*Data section*.
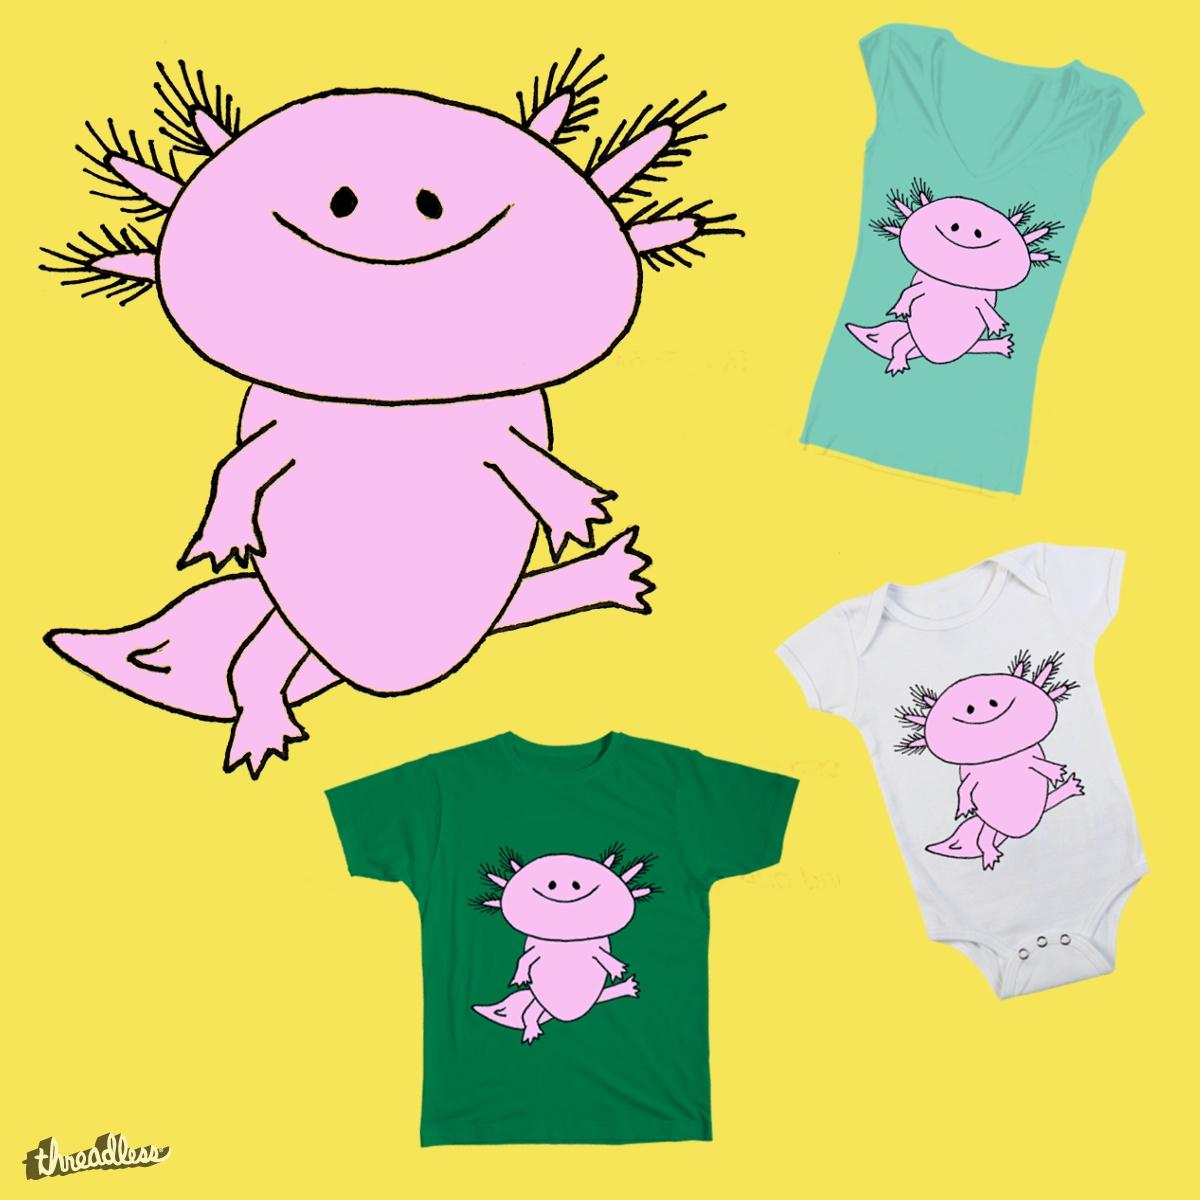 Dopey Axolotl by BlueOwl on Threadless
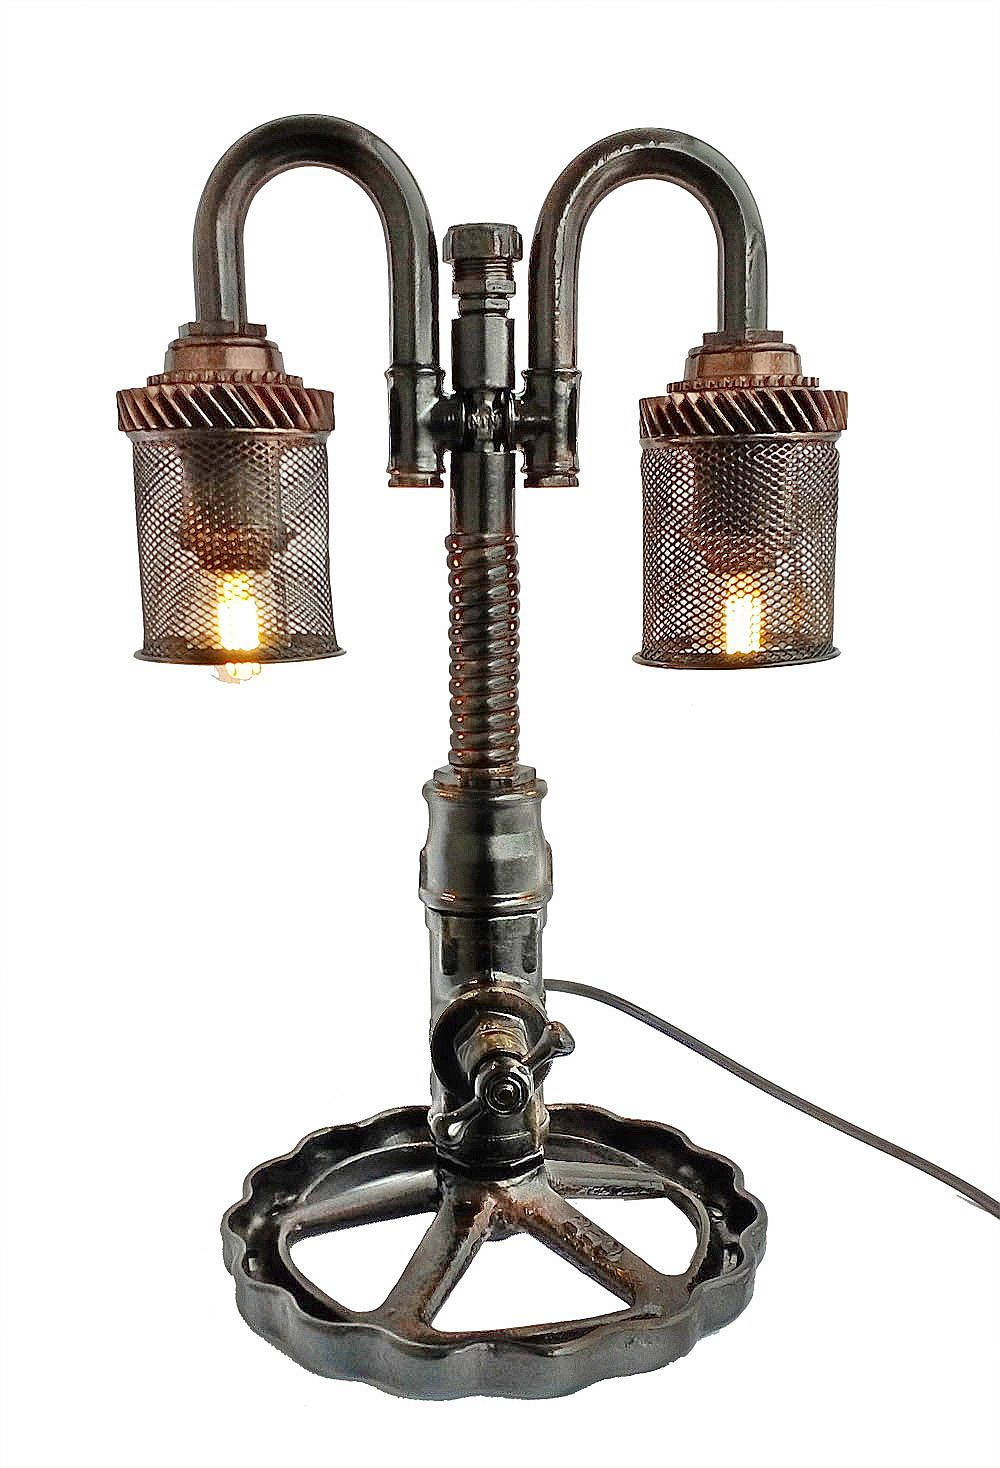 Industrial steampunk lighting, Steampunk industrial lamp
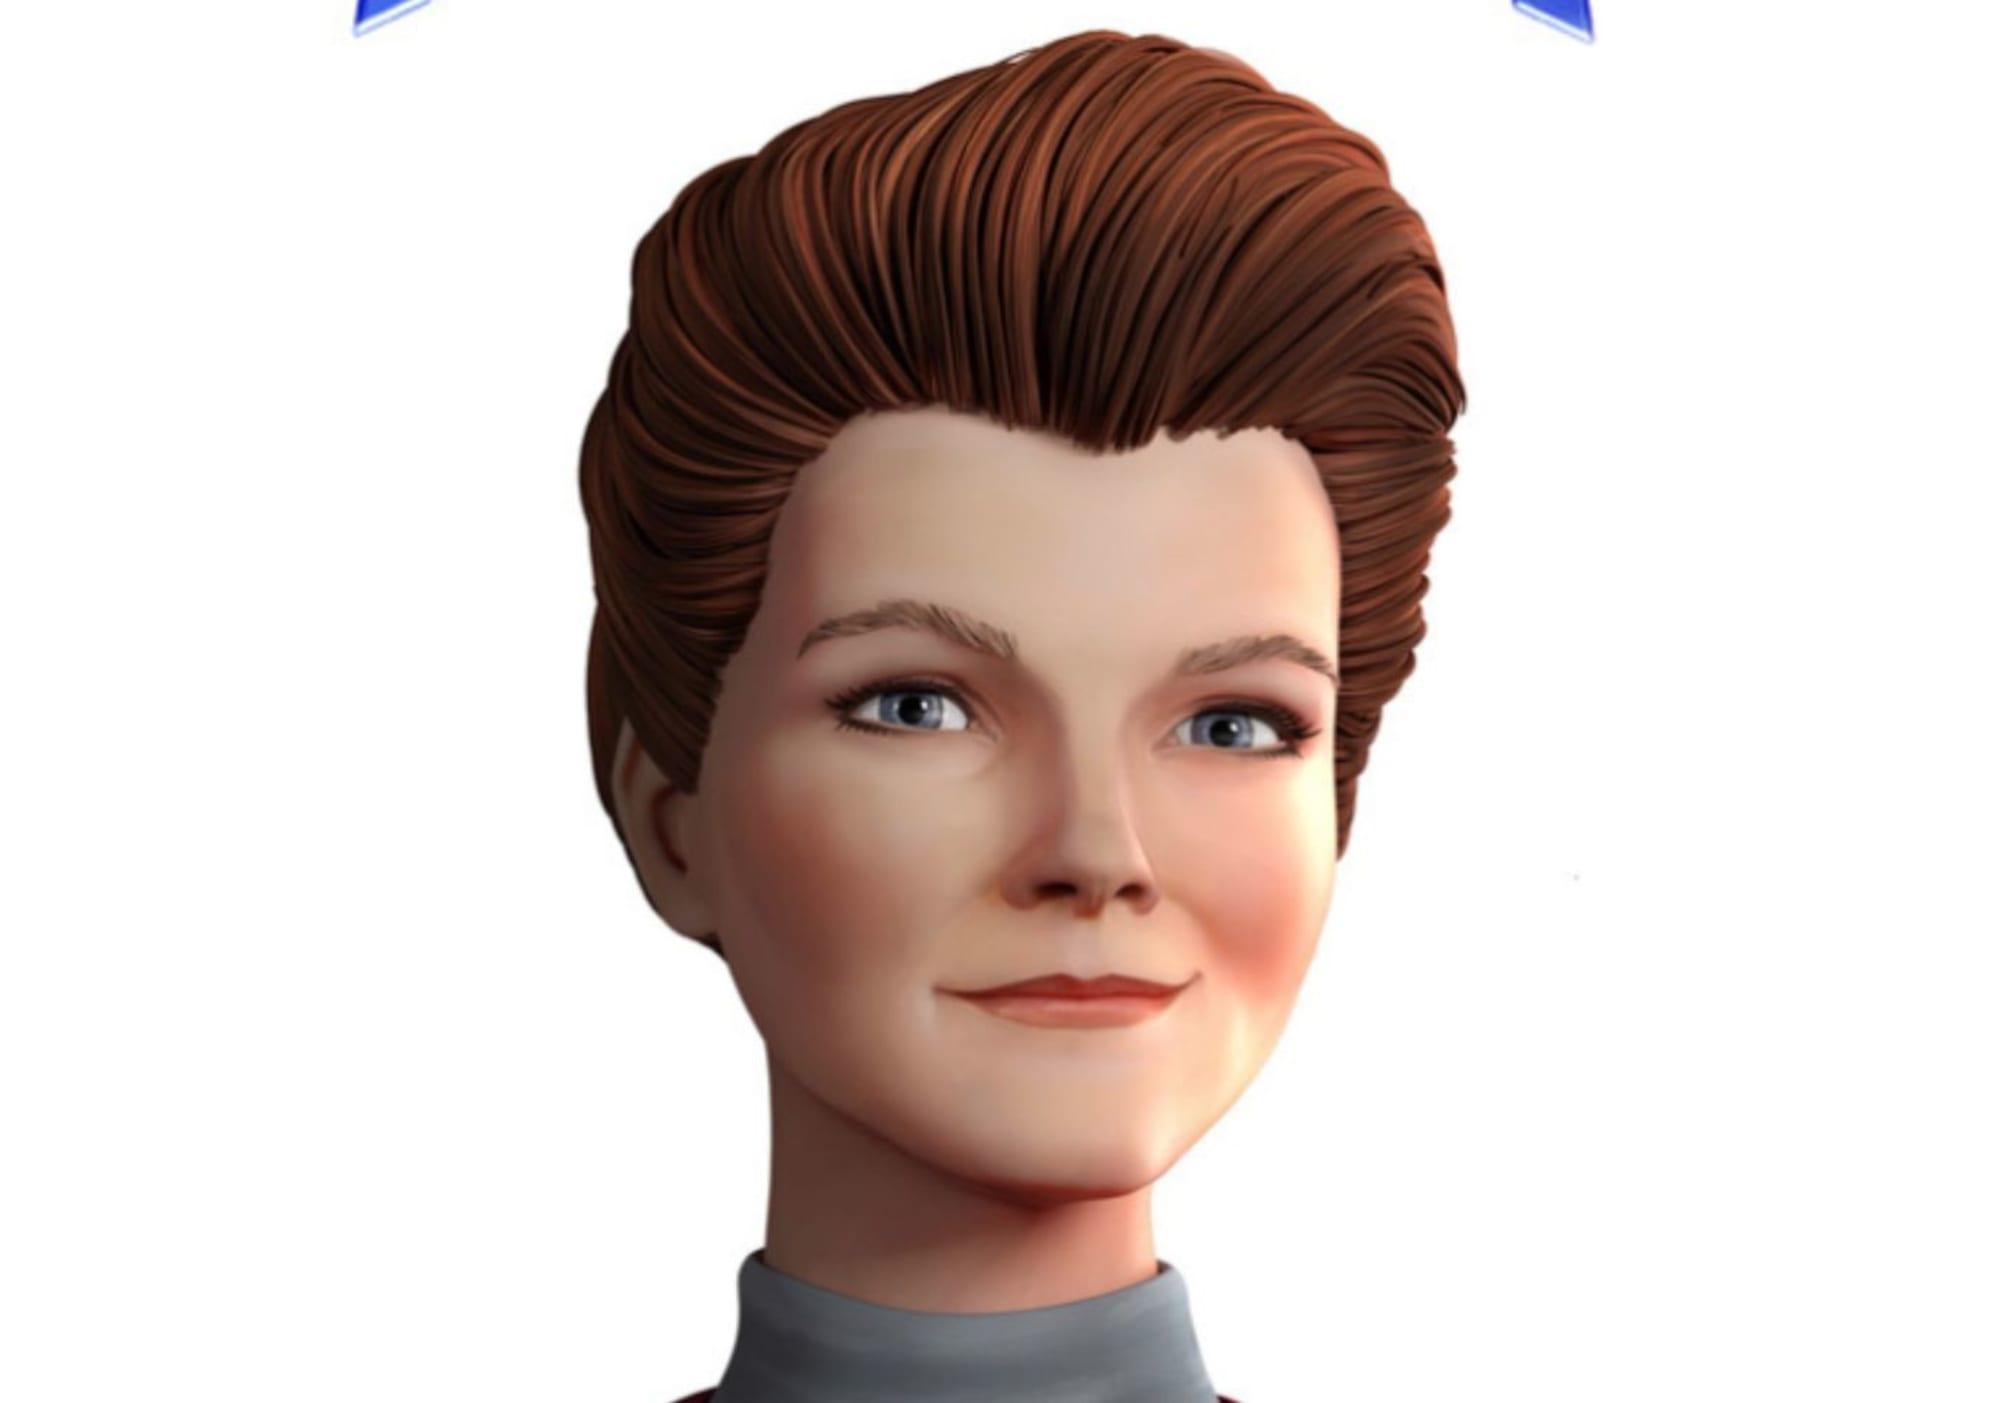 Kate Mulgrew reveals how Captain Janeway returns in Star Trek: Prodigy
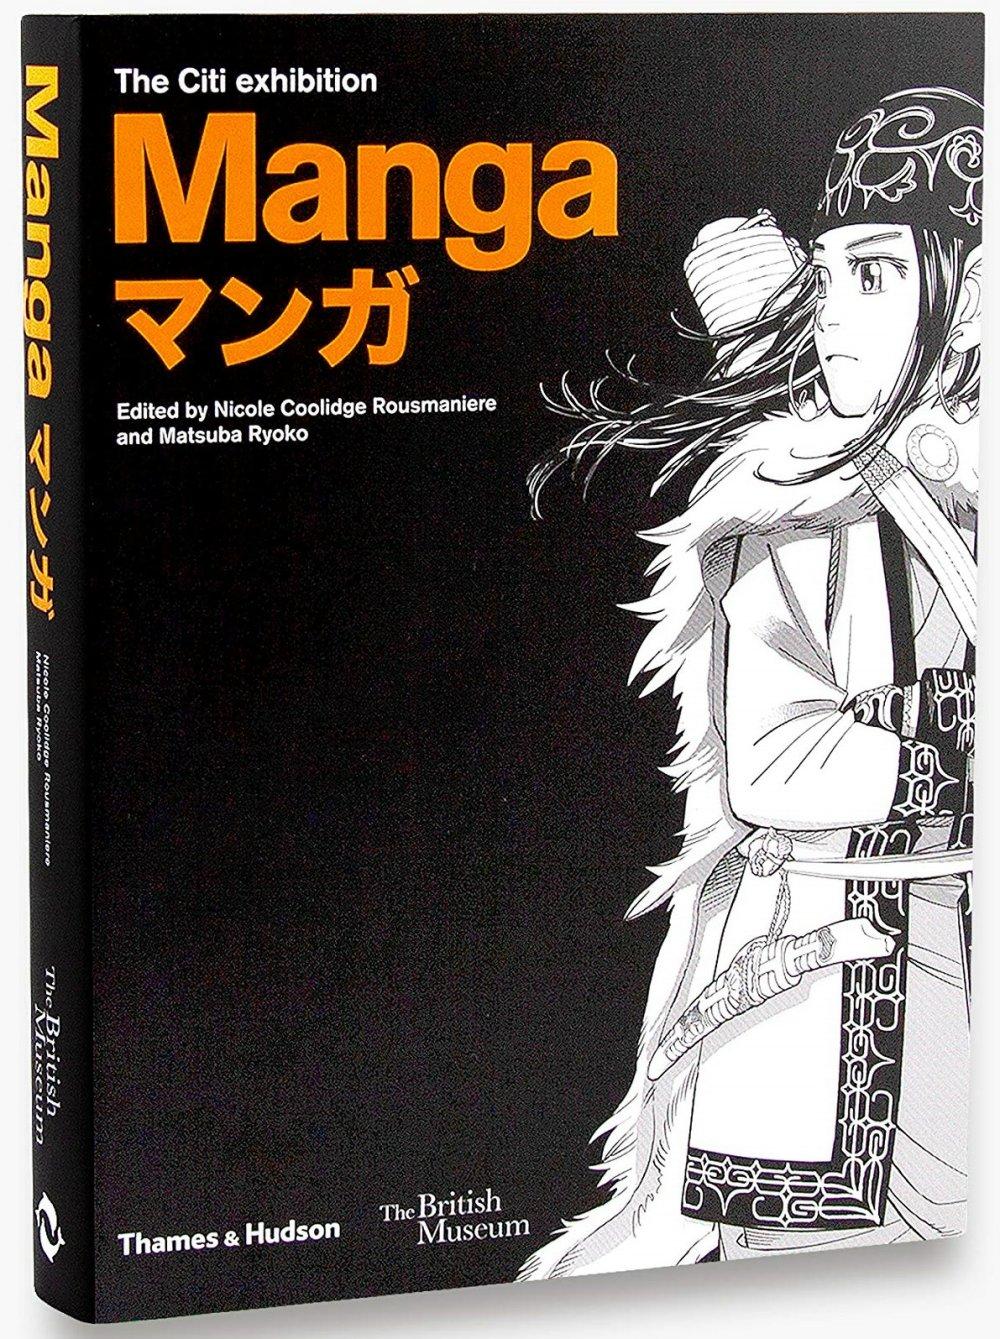 Manga (British Museum) 2019大英博物館《日本漫畫展》官方導覽書

*Task to complete*. Your reply should restate the data above word for word and contain no pictures.

*Task answer*.
 Dopey Axolotl by BlueOwl on Threadless
 Industrial steampunk lighting, Steampunk industrial lamp
 Kate Mulgrew reveals how Captain Janeway returns in Star Trek: Prodigy
 Manga (British Museum) 2019大英博物館《日本漫畫展》官方導覽書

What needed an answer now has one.